If your node was pretty close to the tip when it was stopped, and it's only been stopped for a minute or so, then you can actually start it with no entries in the trusted peers list and you'll begin getting connections without the need for going through the bootstrap phase at all (you can also skip bootstrapping by setting max_bootstrap_attempts to 0). I have a --quick option in my cardano-update-conf.pl script that removes all trusted peers for this purpose.

Make sure your ulimit is 4096 or higher:

ulimit -n 4096

You can try forcing bootstrapping to jump to the next peer with:

sudo netstat -alnp|grep jormungandr
sudo ss -K dst Peer_IP

My node created a block, why's it not in the chain?

Competitive forks: Sometimes pools create blocks that exist for a short time and then disappear. This is a natural aspect of the network because slots often have more than one leader which results a forking situation called a "slot battle". Competitive forks can also result from different nodes assigned to very close slots both creating their block from the same parent block which is called a "height battle", or by creating a block on a fork that the majority of the network is not on. Slot battles are resolved immediately, but in the case of a height battle, your pool's block may appear to be in the chain and then suddenly disappear some minutes later as it can take a few blocks to resolve. It's natural to have some height battles, but regular height battles point to a lagging or badly connected node, see below.
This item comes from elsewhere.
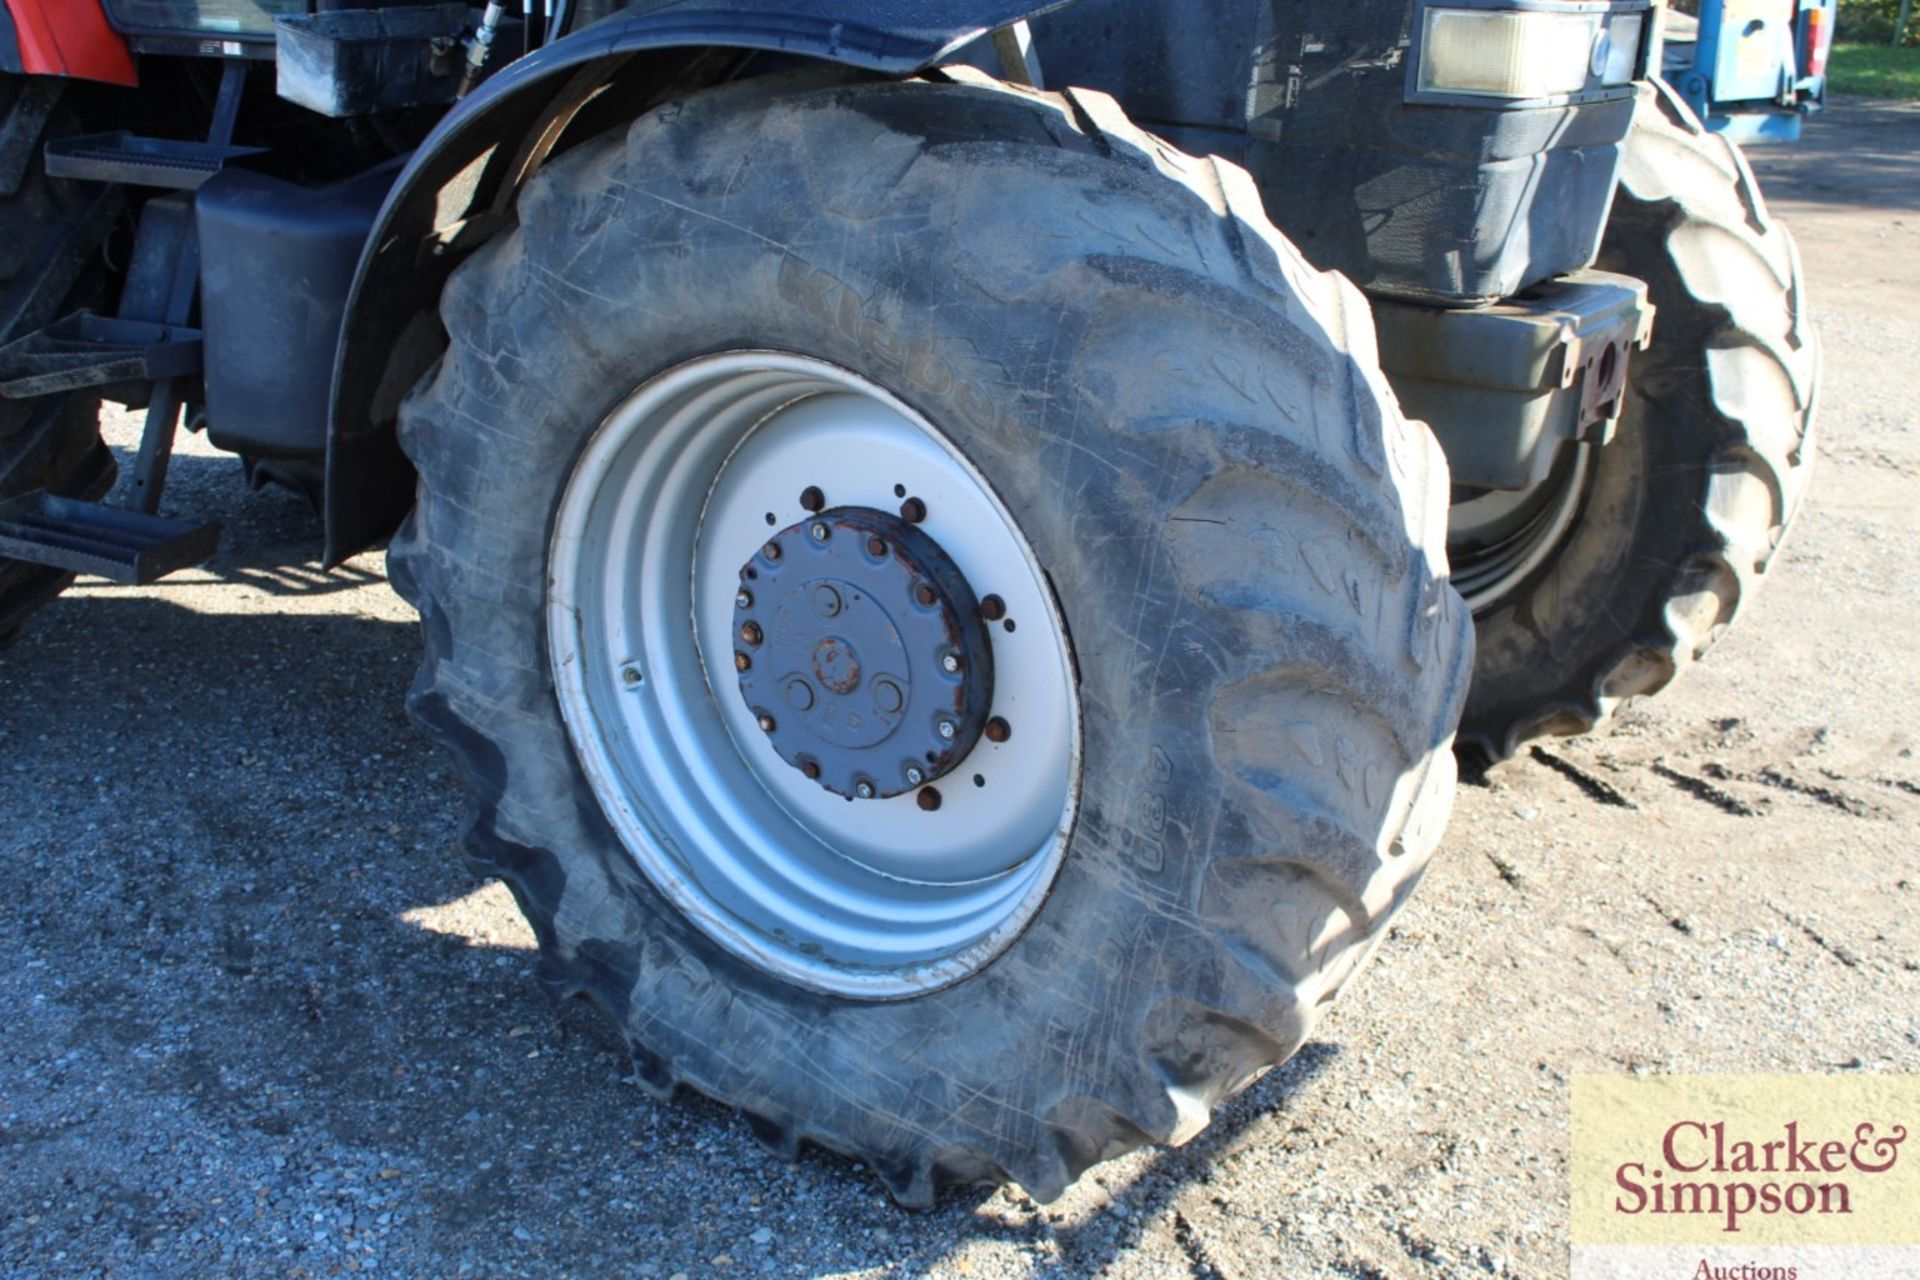 New Holland TM150 4WD tractor. 28/10/2000. 11,839 hours. 520/85R42 rear wheels and tyres @ 60%. - Image 35 of 58

Being better connected, producing blocks quickly and having accurate system time all help your chances in competitive forks. Setting up chrony properly so you have very accurate time will help your chances a lot, and having a higher max_connections setting can help too - see our sample config for where to add this setting.

PoolTool has a great new feature showing the winners and losers of all the recent "competitive forks" at pooltool.io/competitive. Here on the left is an example of our node PUDIM winning a "height battle", on the right is what happens when a few nodes are involved and it's unclear what kind of battle it is :-)

PUDIM winner.png
Highly Confused Craziness.png

Adverserial forks: There is also a problem in the network where some nodes create many forks on purpose so that other nodes will more often get themselves onto the wrong forks. These are called adverserial forks, and give the creator an advantage. You can see a list of adverserial forks on the pooltool.io/health page, a few pools such as the LION pools are renowned for creating huge numbers of adverserial forks and should be shamed and boycotted for this antisocial behaviour. Most of the other pools creating adverserial forks are mistakes by operators who run clusters and mess up with their leader selection process.

Low CPU resource: If the CPU is maxed-out then that will also cause blocks to be produced too slowly. Reducing the max_connections setting reduces CPU usage, but there also seems to be issues with some choices of VPS that cause high CPU usage with Jormungandr (especially since the 0.8.6 release), most likely differences in the IO backend are responsible for this. Changing from a Linode to a Digital Ocean "Droplet" made a huge difference for us.

Jormungandr on Linode.jpg
Jormungandr on Digital Ocean.jpg

On the left is the CPU usage of the Linode going almost continuously running at 100% even with the max_connections setting at the extremely conservative default value of 256. The sharp drops you see are when the node gets stuck and is restarted by the sentinel which happens very frequently. The Linode costs $20/mo, has 4GB of RAM and two Xeon E5-2697v4 CPUs running at 2.3GHz with a cache size of 16MB.

On the right is the CPU graph for the new Droplet, also $20/mo with 4GB of RAM and two CPUs at the same speed of 2.3GHz, but slightly more powerful Xeon Gold 6140 CPUs with 24MB of cache. As you can see the difference is startling and cannot be attributed only to the slightly better CPU. After 12 hours of operation it settles down to around 20% average CPU usage even with double the max_connections setting compared to the Linode. The glitches you can see are from restarts when we changed the max_connections setting from 256 to 1024 which resulted in some peaks of around 90% (too short to appear on the graph), so we then settled on 512.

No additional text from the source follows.